Australian and Bangladeshi scientists are making progress towards introducing salt-tolerant wheat to help farmers in one of the world’s most climate-change vulnerable regions.
The work is part of an ACIAR project designed to increase the productivity of farms in Bangladesh’s coastal zone, which is prone to sea-water incursion and related soil salinity.
ACIAR Research Program Manager for Crops, Dr Eric Huttner explains that, if successful, salt-tolerant crops could help smallholder farmers in the region—among the poorest in the world—improve their food security and household incomes.
‘In the southern region of Bangladesh, soil salinity increases during the year as the season progresses. The salt is then washed off by the monsoon,’ says Dr Huttner.
‘Salt-tolerant crops reduce the risk to farmers and extend the area which can be cropped in the dry season, without threatening the long-term sustainability of the cropping system, thanks to the monsoon wash off.’
Farmers in the region rely on growing rice in the wet season. But in the dry season, some fields lay fallow and unproductive because of the risk of growing crops in saline conditions.
Led by the University of Western Australia, the project covers both wheat and pulses as potential new crops for the region.

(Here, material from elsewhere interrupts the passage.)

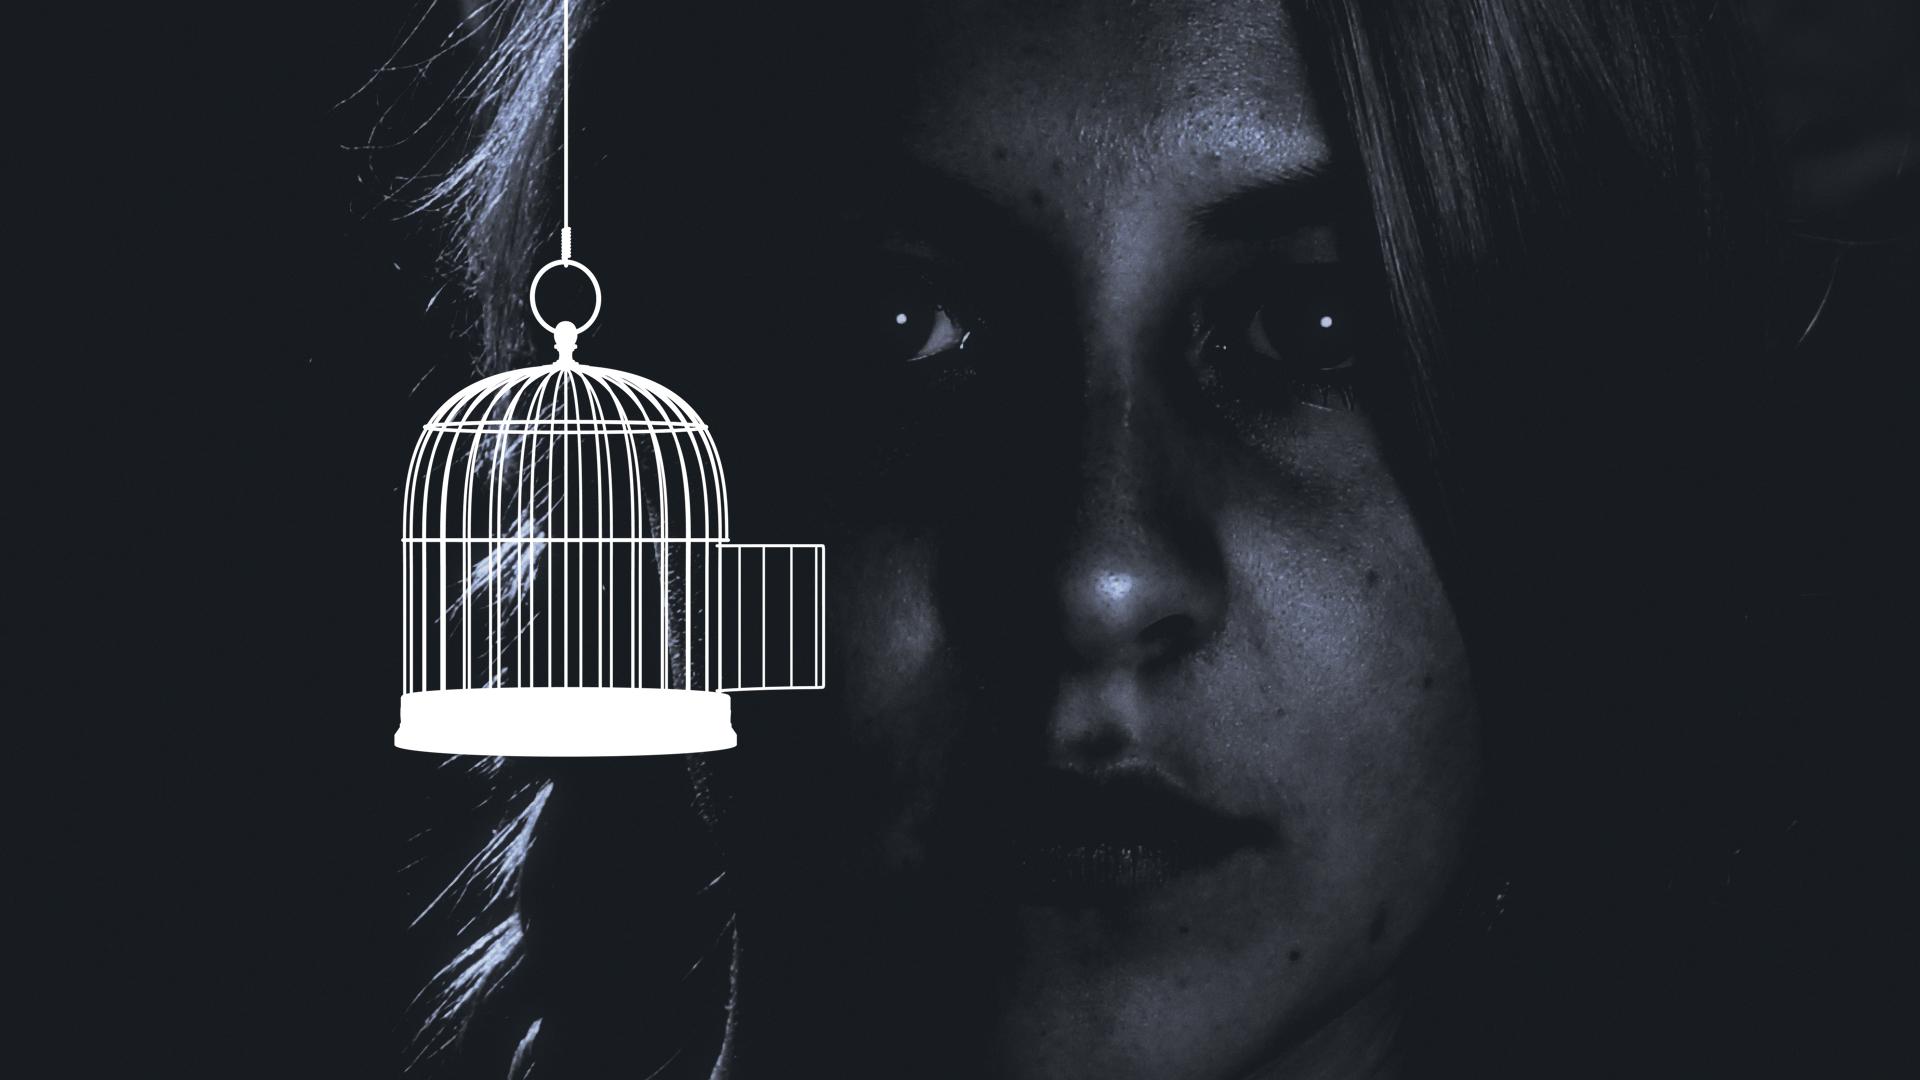 birdcage_spin_white (0-00-16-20).jpg

Based in Bangladesh, Dr M.G. Neogi is the Deputy Project Leader at the University of Western Australia.
‘To increase food security in Bangladesh, the coastal zone must become more productive,’ he says.
‘Rice alone cannot meet our needs. Wheat is a very good option because it is generally more salt-tolerant.
‘By identifying salt-tolerant strains of wheat, the unused land of this region can be cultivated which will greatly increase overall production of wheat in this region as well as for the nation.’
Dr Neogi and the team are now using the improved technologies developed by the project to plant demonstration blocks of wheat in the dry season on otherwise fallow land.
Dr Richard James, Principal Research Scientist, CSIRO, is leading the wheat component of the project which has also provided equipment and training to support the Bangladeshi scientists.
‘Bangladesh imports wheat to meet local demand, so there is a real opportunity to introduce wheat production to these areas,’ says Dr James.
‘However, to be successful, the wheat varieties must be more salt-tolerant, which requires a targeted breeding approach to introduce salt tolerance traits into local varieties and comprehensive field testing.’
Through the project, the team in Bangladesh has developed its capacity to screen wheat varieties for salt tolerance and to evaluate the performance of wheat in saline conditions in field trials. Soils are highly variable, so this is a complex task.
Field trials of local Bangladeshi wheat varieties bred to include known salt-tolerant genes have now been established in districts across the southern coastal zone to test how they perform in farmers’ fields.
Dr James says it is far too early to draw any conclusions—because two or three years of data will be needed to demonstrate proof of concept—but the results so far were ‘encouraging’.
‘It’s promising when we have demonstration trials in districts with farmers looking hopeful and wanting to get involved,’ says Dr James.